EXERCISE PROMPT ->
Return all of the data exactly, with nothing left out but the pictures.

DATASET EXTRACT ->
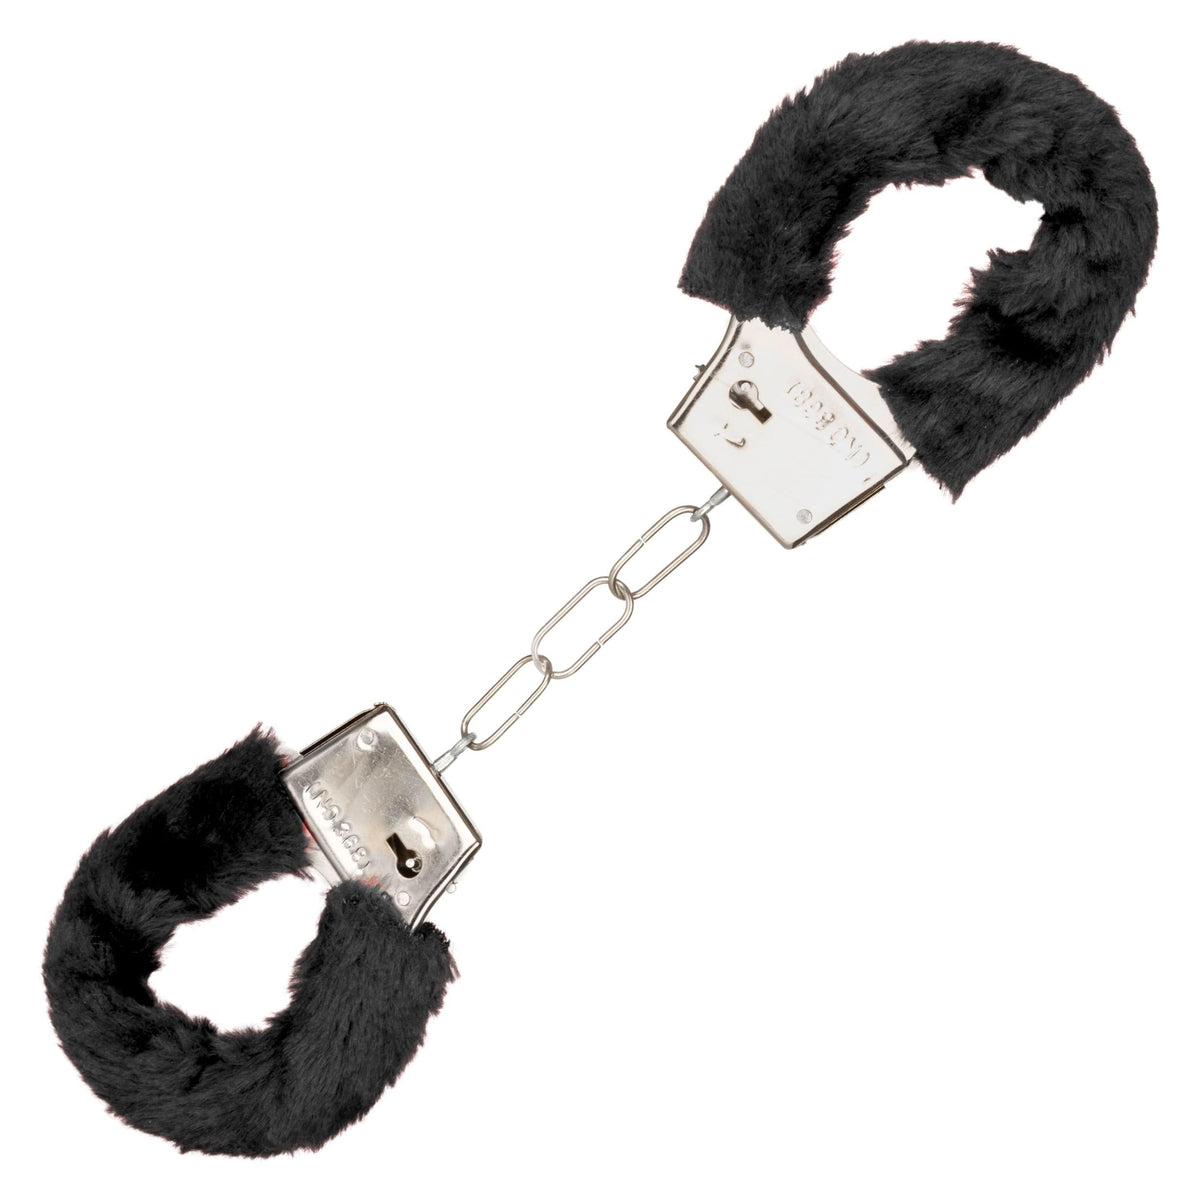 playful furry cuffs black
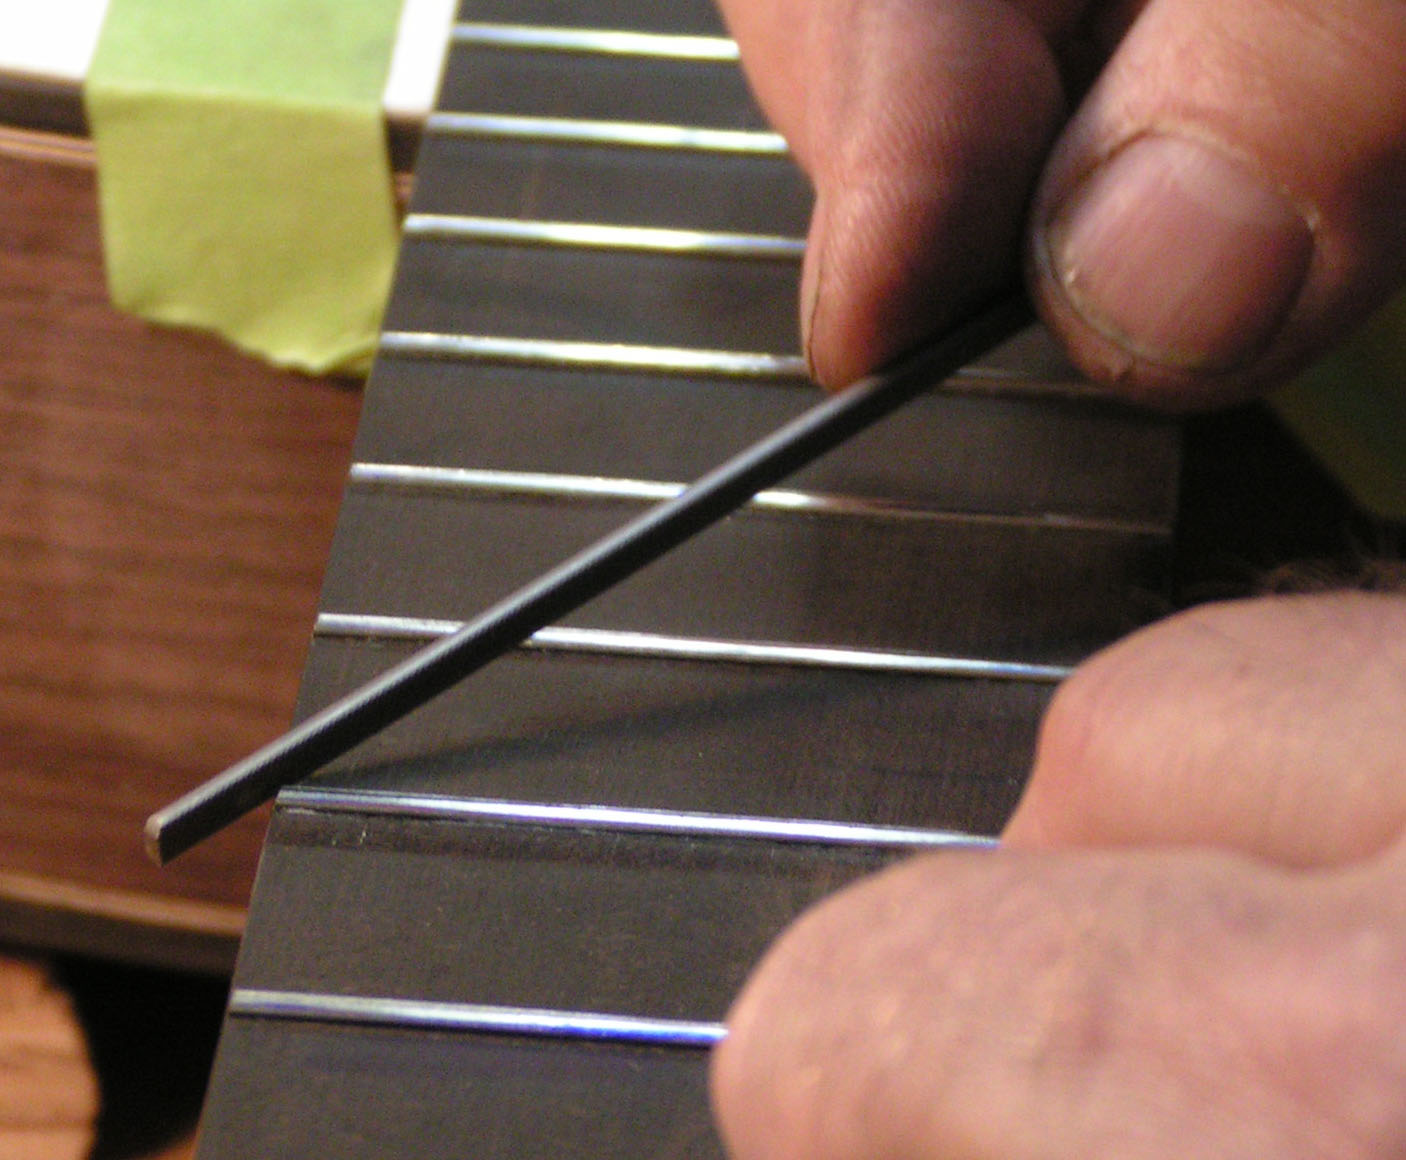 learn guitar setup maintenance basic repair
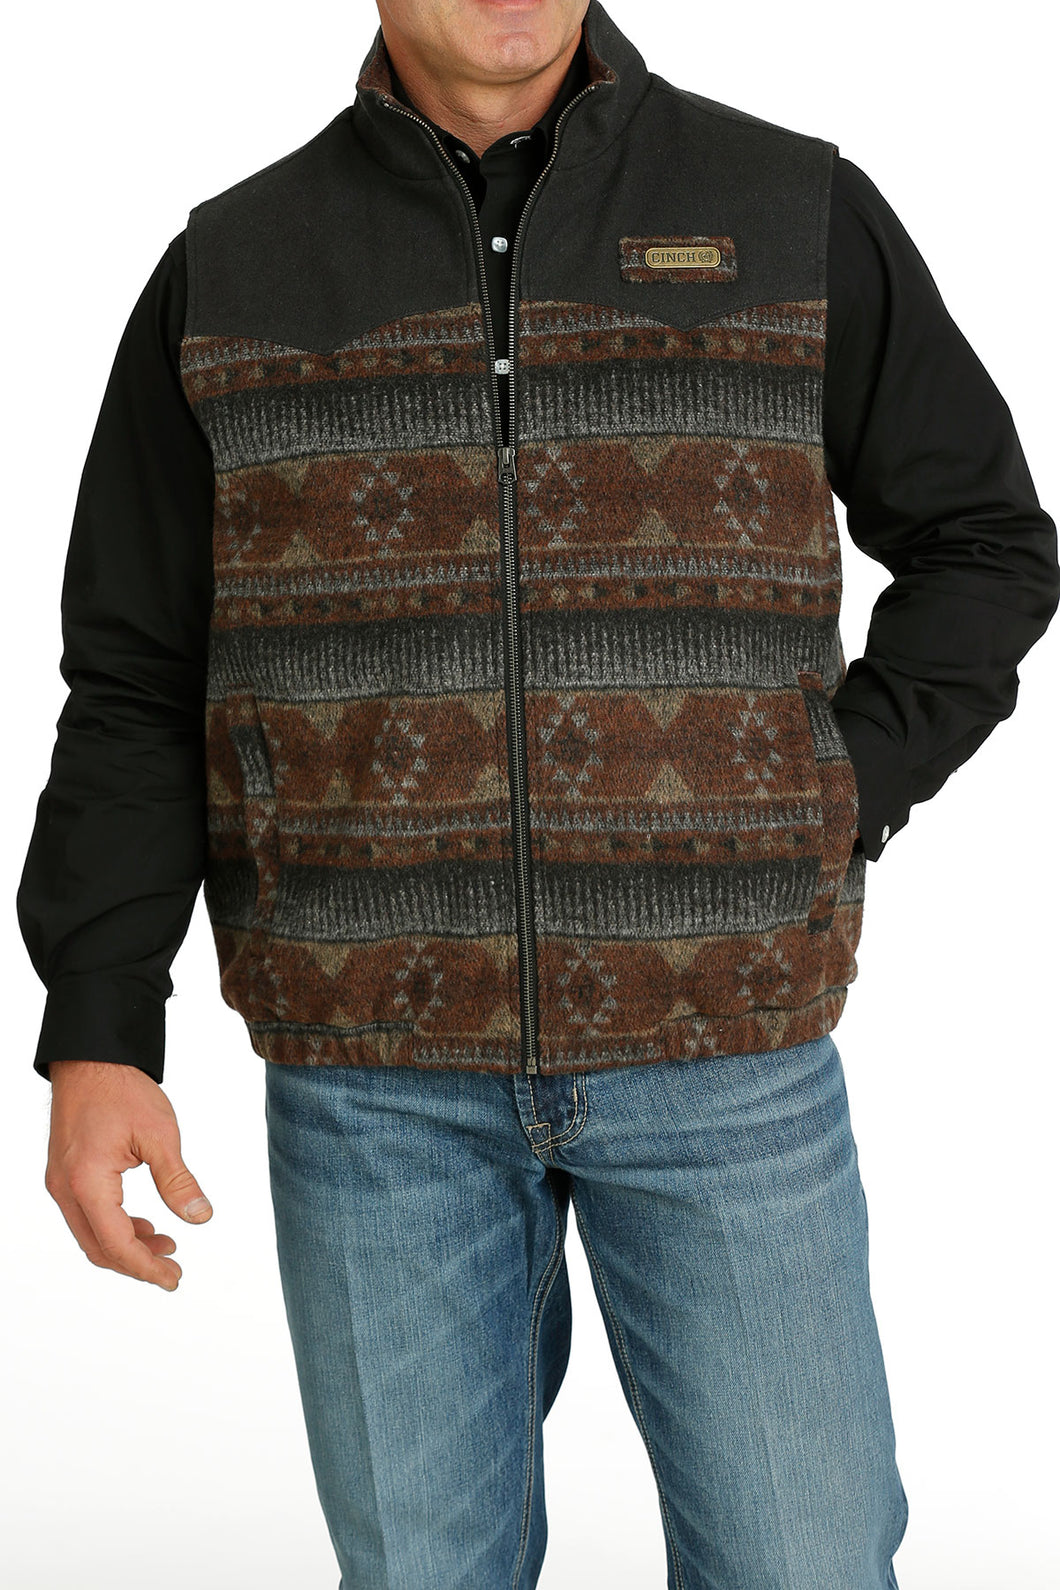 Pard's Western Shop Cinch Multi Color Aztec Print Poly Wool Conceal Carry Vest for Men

OUTPUT ->
 playful furry cuffs black
 learn guitar setup maintenance basic repair
 Pard's Western Shop Cinch Multi Color Aztec Print Poly Wool Conceal Carry Vest for Men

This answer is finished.